Sotto il moniker di Astronauts
si cela Dan Carney, voce e chitarra dei Dark Captain Light Captain, gruppo
londinese che spazia fra territori post rock e delicate fragranze di folk
pastorale (hanno all’attivo un gran bel disco, Dead Legs and Alibis del 2011).

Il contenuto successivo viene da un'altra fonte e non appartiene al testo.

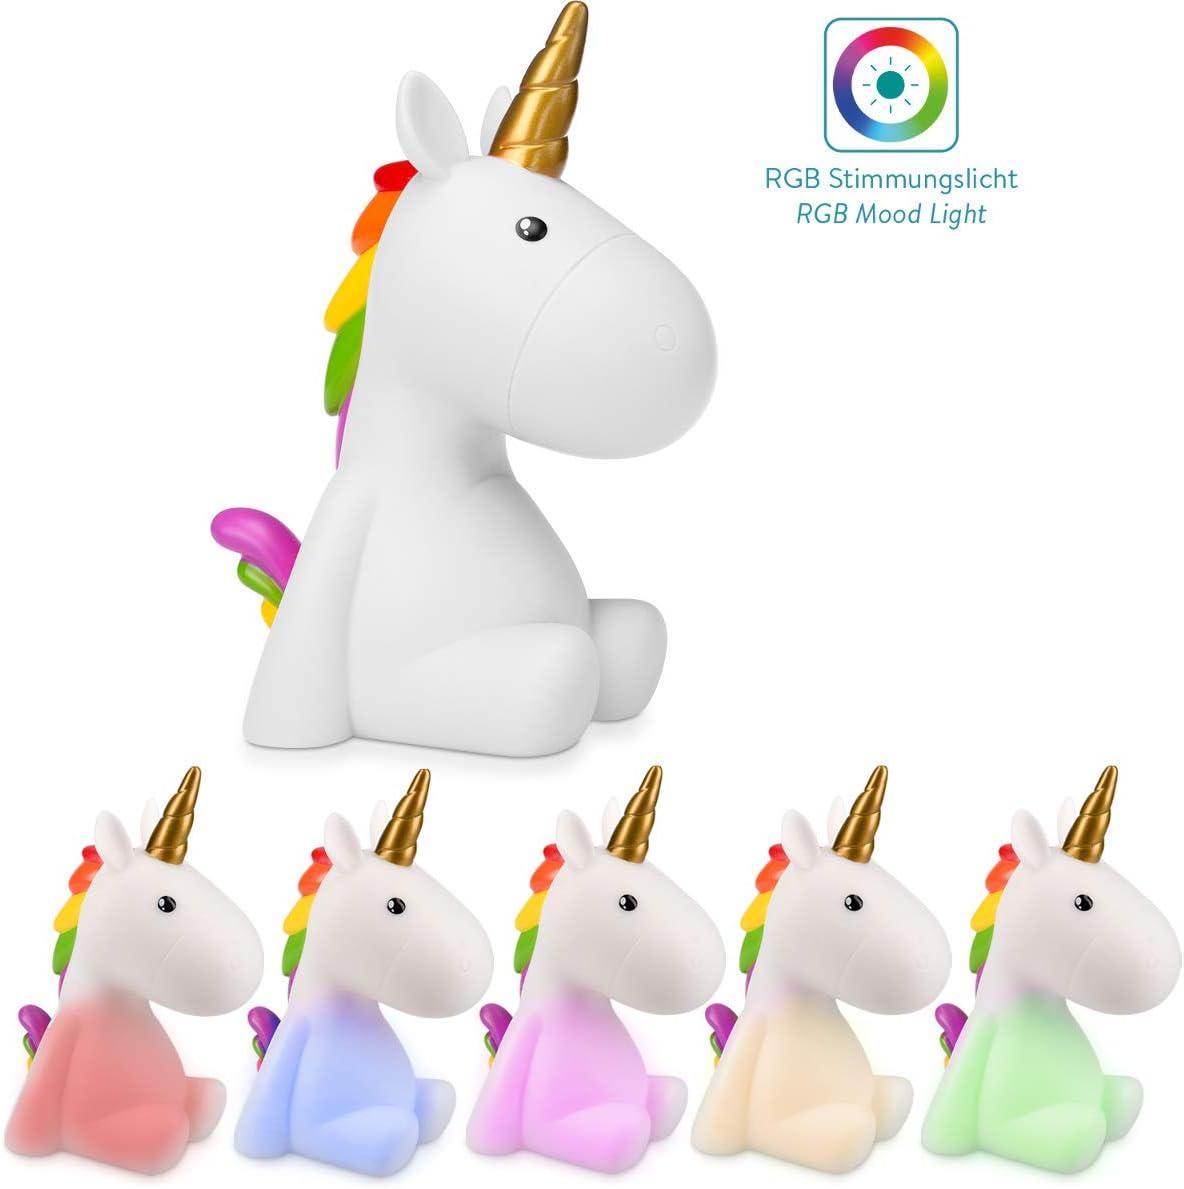 Navaris luz de noche para niños - Lámpara LED de unicornio y cable micro USB - Iluminación RGB brillo ajustable y temporizador de color blanco

Una band dagli umori prevalentemente malinconici, a cui Carney, in questo
progetto solista, ha voluto uniformare il mood delle canzoni, spinto oltretutto
dal momento particolarmente critico in cui ha messo mano alle composizioni (una
lunga degenza ospedaliera a seguito di una brutta frattura alla gamba). Ne è
venuto fuori un lavoro umbratile e nebbioso, costituito da lunghe canzoni costantemente
in chiaro scuro (quasi tutte della durata superiore ai quattro minuti) che dispiegano
umori depressi attraverso paesaggi sonori in cui una bruma lattiginosa svela
solo a tratti asfittici barbagli di sole. Chitarra acustica, elettronica
minimale, arrangiamenti d’archi, briciole di psichedelia e lirismo post-rock
sono le caratteristiche di un disco dallo sviluppo sonoro omogeneo, in cui è
possibile intravvedere rimandi ai
Radiohead, a Nick Drake, a Fink o, per fare un accostamento più recente, ai
Midlake e agli Other Lives di Tamer Animals. Hollow Pound scorre, canzone dopo
canzone, con inusuale intensità, tra folktronica meditabonda (Skydive), carezzevoli
ballate in agrodolce illuminate da poche note di piano (Slow Days), languida
psichedelia che azzarda fusioni fra Radiohead e Simon & Garfunkel (Hollow
Pounds) e la scossa elettrica (anomala rispetto al resto dell’album, eppure perfettamente
contestualizzata) di Openside, lunga deriva post-rock con vista sui Sonic Youth.
Un disco il cui mood malinconico concilia la meditazione e si sposa
meravigliosamente con la caducità emotiva dell’autunno (così come suggerito
anche dalla splendida cover dell’album).